A body is under the action of two forces 8N, and 10N. Find the resistant of the forces if;the forces are parallel and act in the same direction
B)the forces are parallel and act in opposite direction.
C)the two forces are inclined at an angle of 60 degree to each other.
To find the resultant of forces acting on a body, we can use vector addition.
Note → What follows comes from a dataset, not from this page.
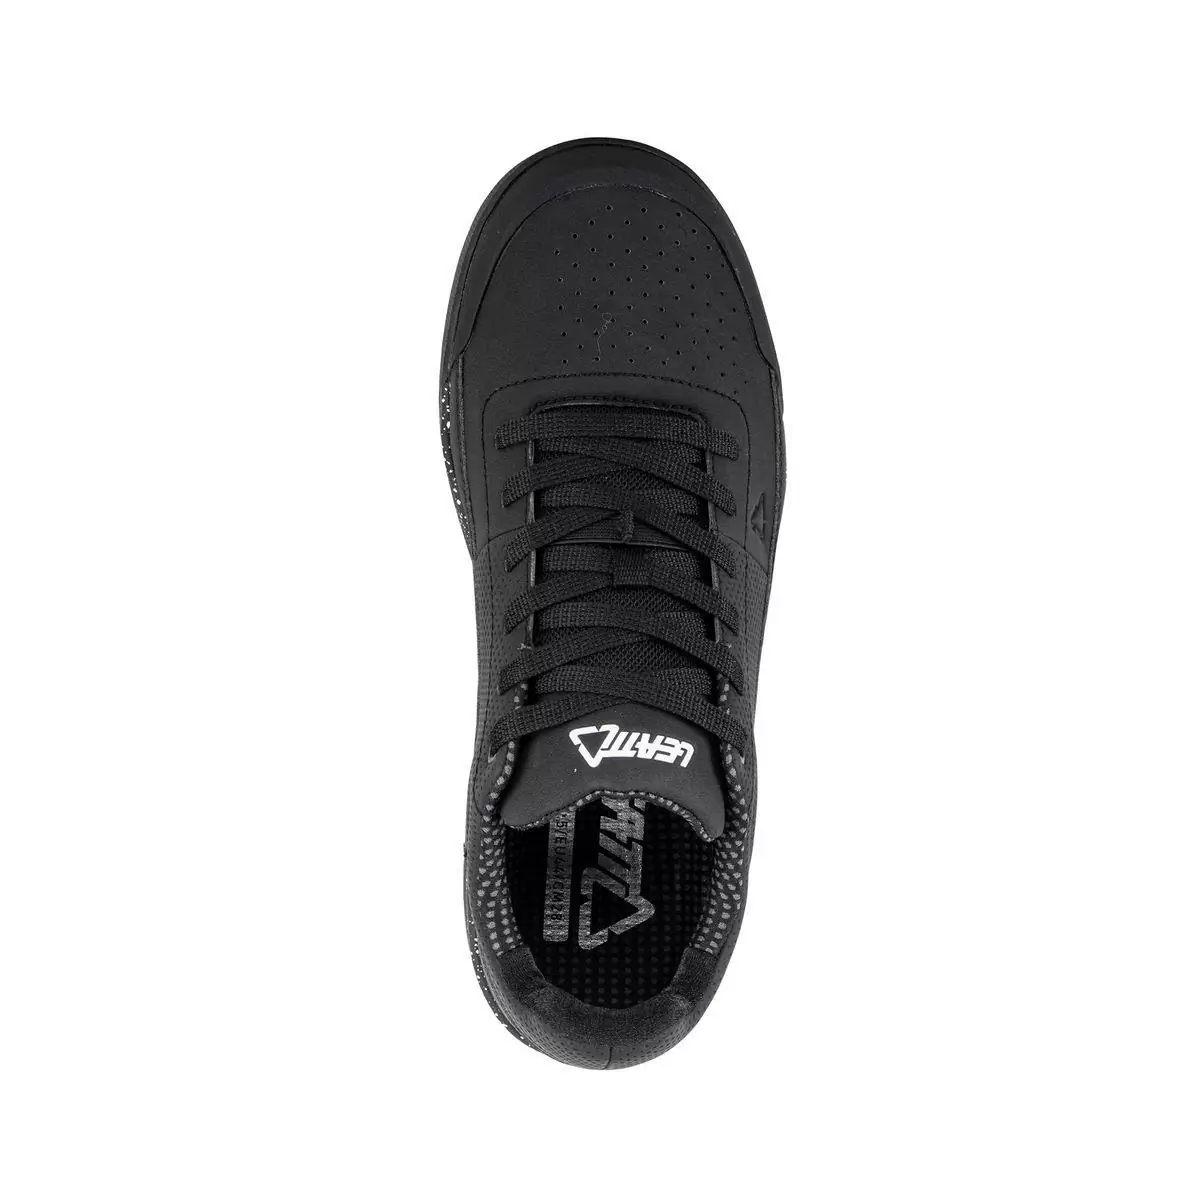 Mtb Shoes 2.0 Flat Black Size 43.5 #2

The resultant force is the sum of the individual forces.
A) When two forces are parallel and act in the same direction:
In this case, the forces can simply be added together to find the resultant force.
Resistant force = 8N + 10N = 18N
B) When the forces are parallel and act in opposite directions:
In this case, we need to subtract the smaller force from the larger force.
Resistant force = |8N - 10N| = 2N (Since the direction of the force is opposite, we take the magnitude by ignoring the negative sign)
C) When the two forces are inclined at an angle of 60 degrees to each other:
In this case, we can resolve the forces into their components along the x-axis and y-axis.
Let's assume the 8N force is F1 and the 10N force is F2.
For F1 = 8N, the x-component (Fx1) is given by:
Fx1 = F1 * cos(60°) = 8N * cos(60°) = 8N * 1/2 = 4N
For F1 = 8N, the y-component (Fy1) is given by:
Fy1 = F1 * sin(60°) = 8N * sin(60°) = 8N * √3/2 ≈ 6.93N (rounded to two decimal places)
For F2 = 10N, the x-component (Fx2) is given by:
Fx2 = F2 * cos(60°) = 10N * cos(60°) = 10N * 1/2 = 5N
For F2 = 10N, the y-component (Fy2) is given by:
Fy2 = F2 * sin(60°) = 10N * sin(60°) = 10N * √3/2 ≈ 8.66N (rounded to two decimal places)
Now, calculate the x-components and y-components separately:
Fx_total = Fx1 + Fx2 = 4N + 5N = 9N
Fy_total = Fy1 - Fy2 = 6.93N - 8.66N ≈ -1.73N (rounded to two decimal places)
The resultant force can be obtained using the Pythagorean theorem:
Resistant force = √(Fx_total^2 + Fy_total^2) = √(9N^2 + (-1.73N)^2) = √(81N^2 + 3N^2) = √(84N^2) = √84N ≈ 9.16N (rounded to two decimal places)
Therefore, the resultant force when the two forces are inclined at an angle of 60 degrees to each other is approximately 9.16N.